What the exercise asks
Would you restate each line of the data below word for word, without its pictures?

Data excerpt
※ ※ ※

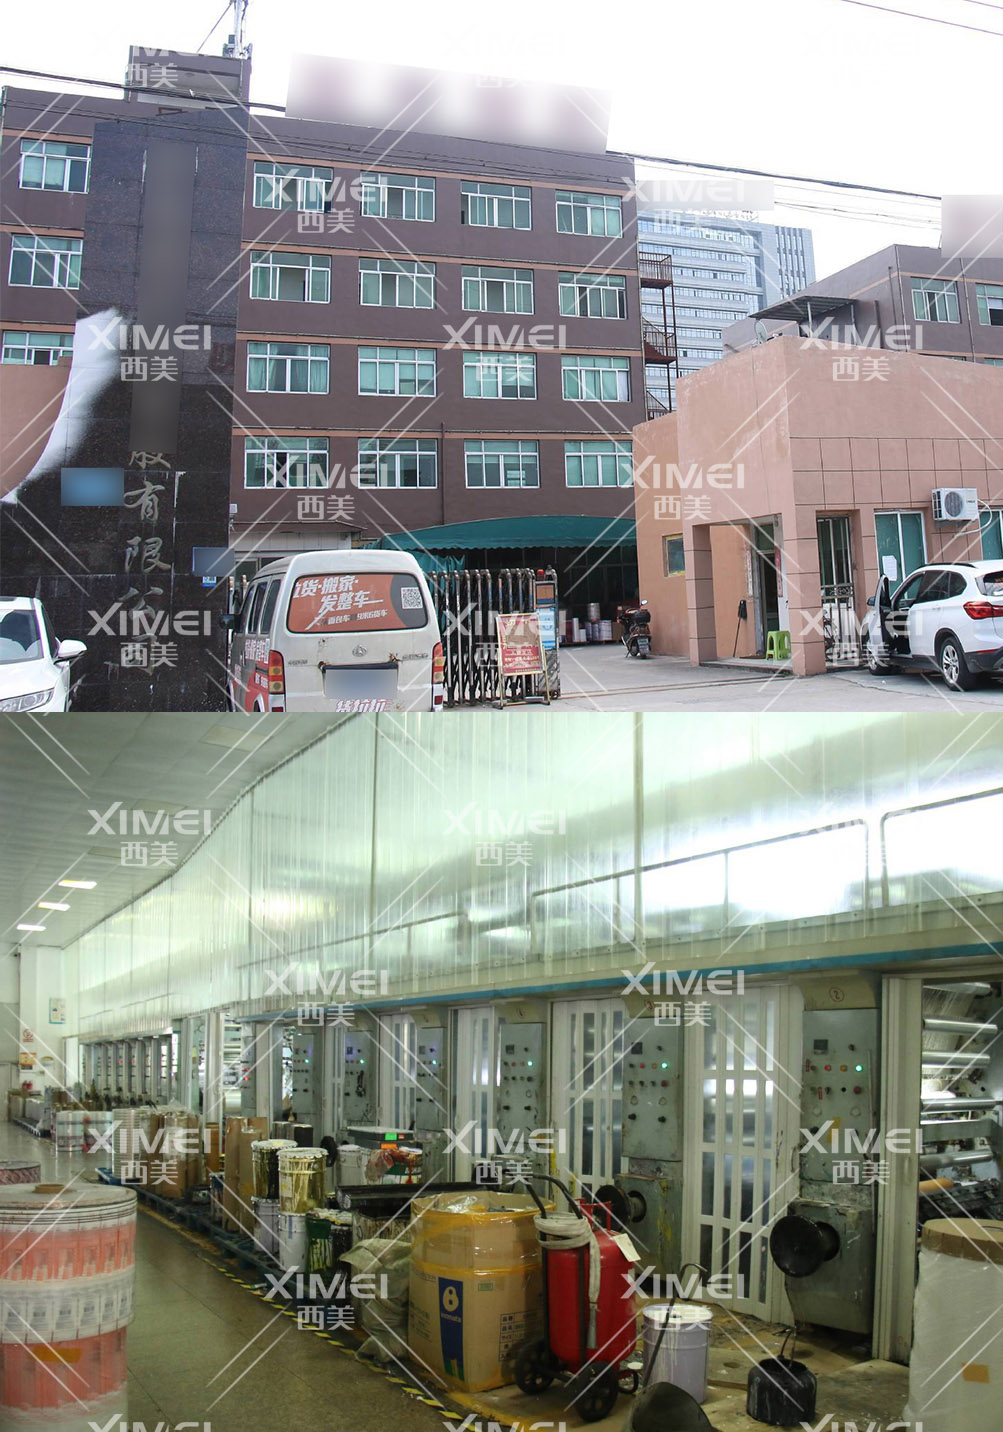 恭喜温州市XX塑胶有限公司顺利通过质量验厂审核(图1)
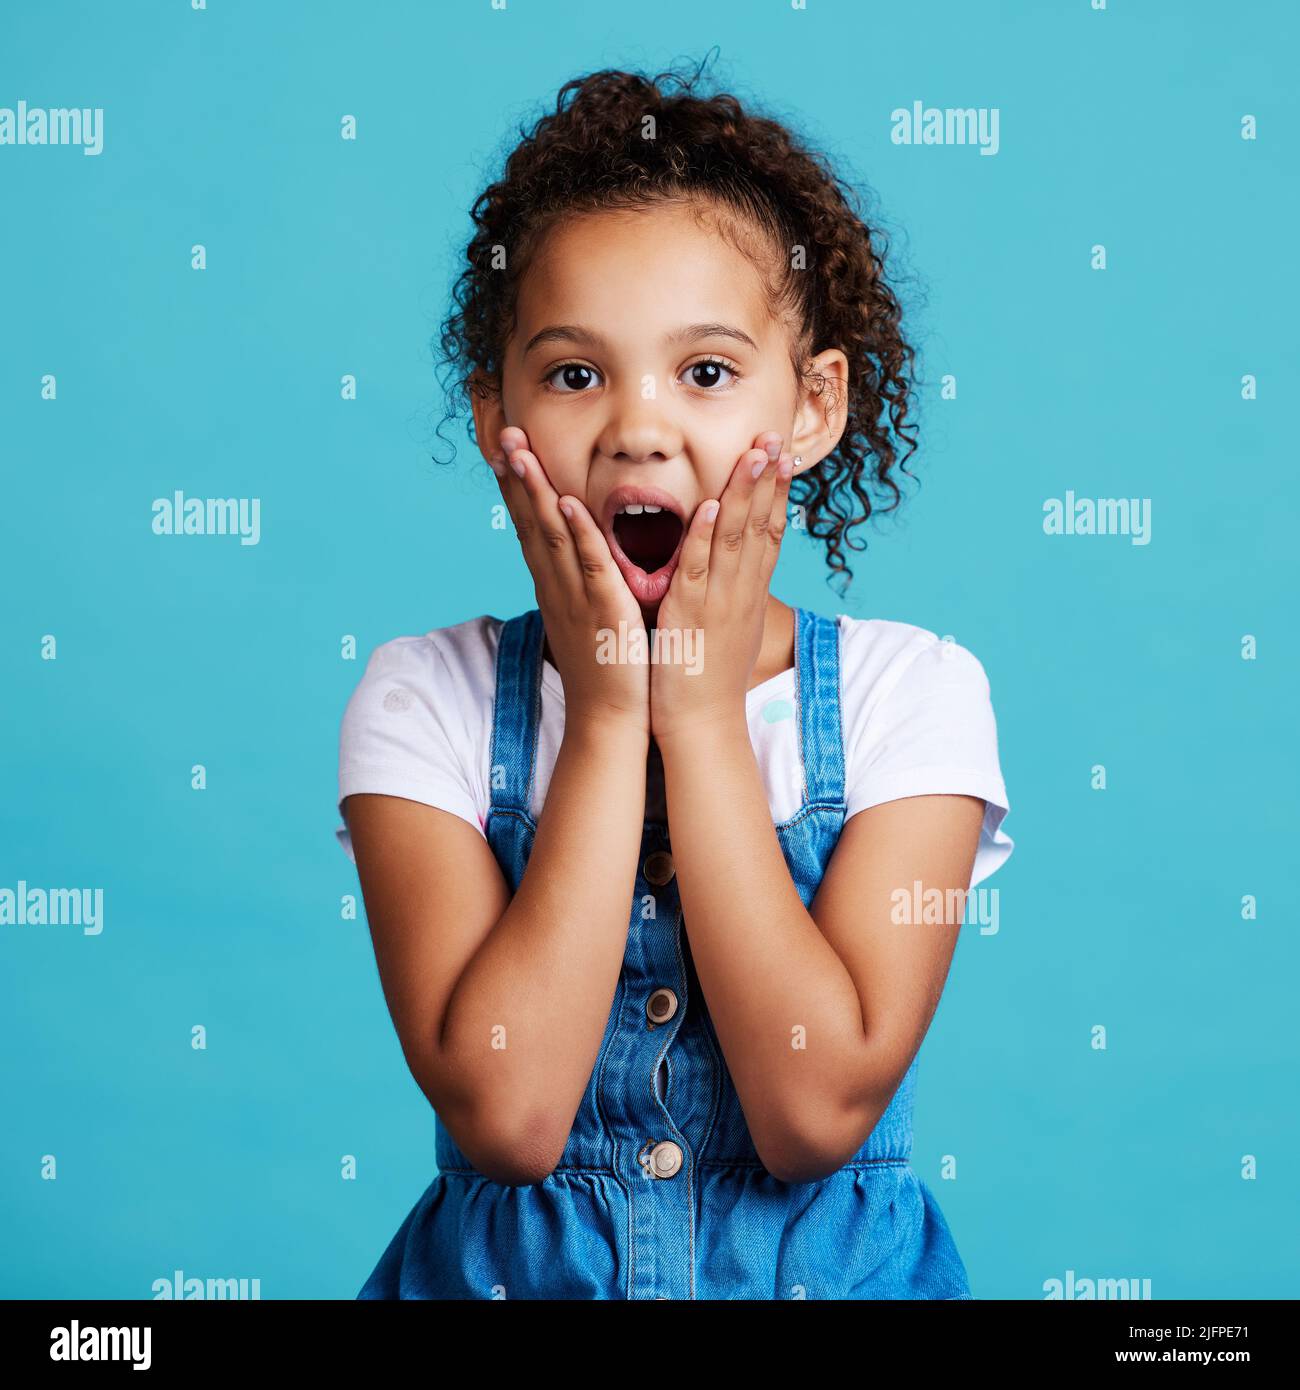 Das habe ich nicht erwartet. Aufnahme eines kleinen Mädchens, das überrascht vor blauem Hintergrund posiert. Stockfoto
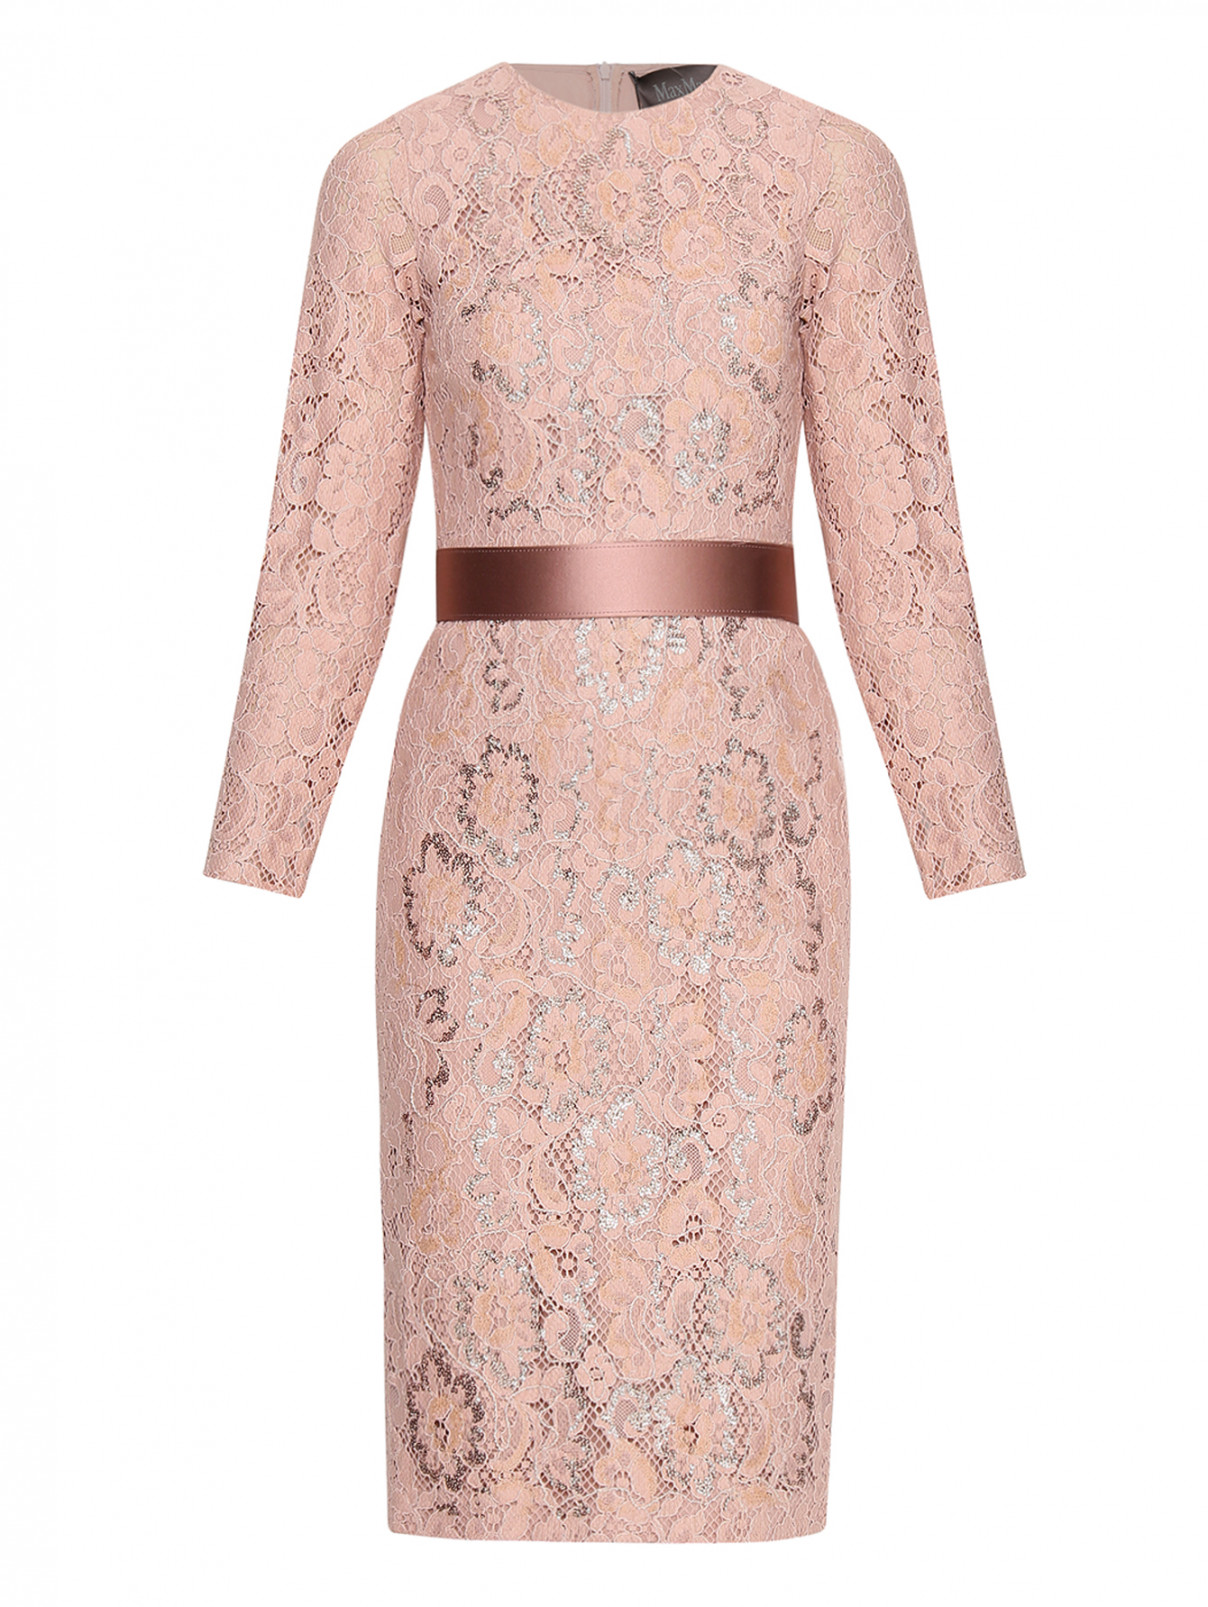 Платье-футляр из шелкового кружева Max Mara  –  Общий вид  – Цвет:  Розовый

※ ※ ※

Answer to this problem
 恭喜温州市XX塑胶有限公司顺利通过质量验厂审核(图1)
 Das habe ich nicht erwartet. Aufnahme eines kleinen Mädchens, das überrascht vor blauem Hintergrund posiert. Stockfoto
 Платье-футляр из шелкового кружева Max Mara  –  Общий вид  – Цвет:  Розовый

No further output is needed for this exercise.